В большой комнате курили, по-бабски ругались секретарша с Ивинской и ждала Некрасова. Она сразу кинулась ко мне.
– Вам передали мои стихи?
– Нет еще. Но это потому, что я болею.
Я пошла к Ивинской выслушать ее. Через секунду подошел Симонов.
– Лидия Корнеевна, я уже давно прошу т. Ивинскую дать вам стихи Некрасовой. Она талантливый поэт, и я хочу, чтобы вы, Лидия Корнеевна, выбрали целый цикл.
– С удовольствием, – сказала я.
Ивинская пришла в ярость.
– Я и так дала бы вам стихи ее! Я сама знаю! Зачем она жалуется Симонову!
Я попыталась угомонить ее, а потом кинулась к Некрасовой, которая плакала.
Она всех изводит, но ей хуже всех, конечно. Она – поэт.
Я пришла домой возбужденная и вызвала машину. Но позвонил Симонов, что его отъезд в санаторий откладывается до 19-го и поэтому мы лучше встретимся в понедельник утром.
Мне весело. Пусть всё это кончится худо, но весело начинать новую работу, узнавать новых людей.
15/ХII 46. Днем – Ян Сашин со средненькими болгарскими переводами. Один я убила, другой велела поправить. Разговор был мирный.
Как-то будет при подборке молодых?
Редакция: Симонов просил, чтобы я присутствовала, когда Кривицкий будет слушать Заболоцкого.
16/ХII 46. Нет сил писать. А надо, хоть конспективно.
Сколько раз я еще воскликну: зачем я пошла в эту яму? От Герцена, от сумерек библиотечных окон? К этим чужим, клыкастым?
Утром на машине – к Симонову, домой.
Маленький кабинет с дамскими нарядными вещами. Вазы, красное дерево – комиссионный магазин.
Одно хорошо: соломенный Дон Кихот, привезенный из Америки. Прелестный.

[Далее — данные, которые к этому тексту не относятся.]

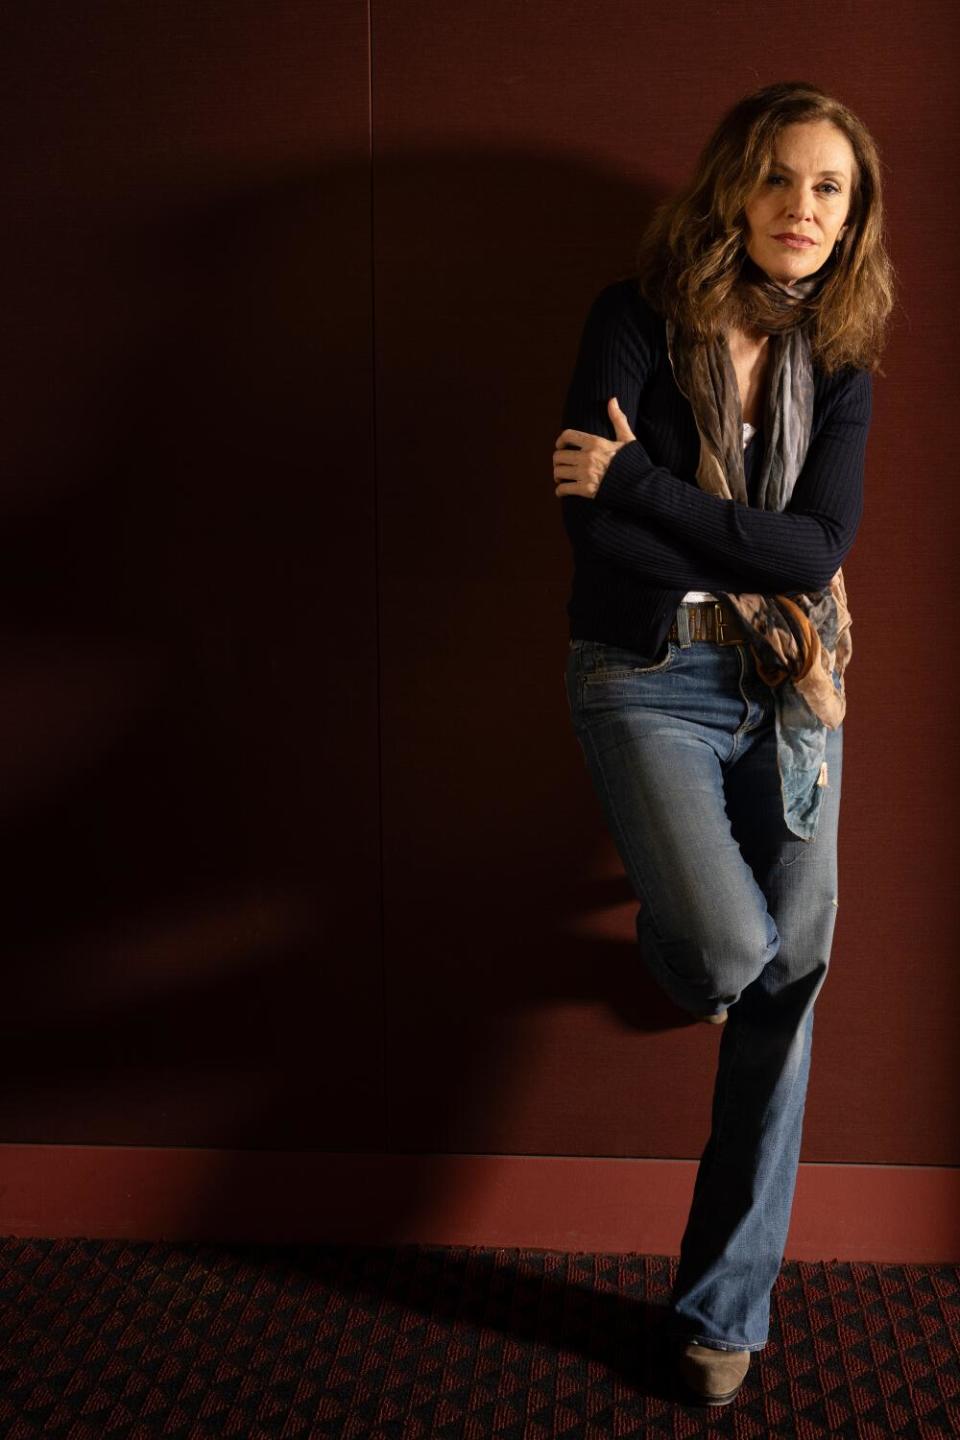 A woman standing against a wall, one leg bent to put her foot up against the wall

Страшная крашеная мадам с тупой, злой улыбкой, в небесно-голубом халате. Еле здоровается, входит во время работы, ищет какие-то ключи.
Ей противно, что с утра чужие люди.
Симонов приветлив, мягок, любезен. Это, видно, в нем органическое: мягкость.
За окошком какие-то амбары, склады – только зима спасает от скуки, притушив.
Первые сорок минут он слушал живо, хорошо. Мы много прочли и сделали. О, конечно – это не чтение стихов, а только накладывание резолюций, но иногда они накладываются верно.
Потом случилось то, чего я боялась: он прочел свои стихи. О любви. О Японии.
Я ужасно смутилась. Я сказала:
– Тут еще много работы.
В сущности, это и было самое точное. Действительно, в каждом из них есть нечто живое, что могло бы быть доведено до хорошего. Но сказала я это как-то неуверенно, не так.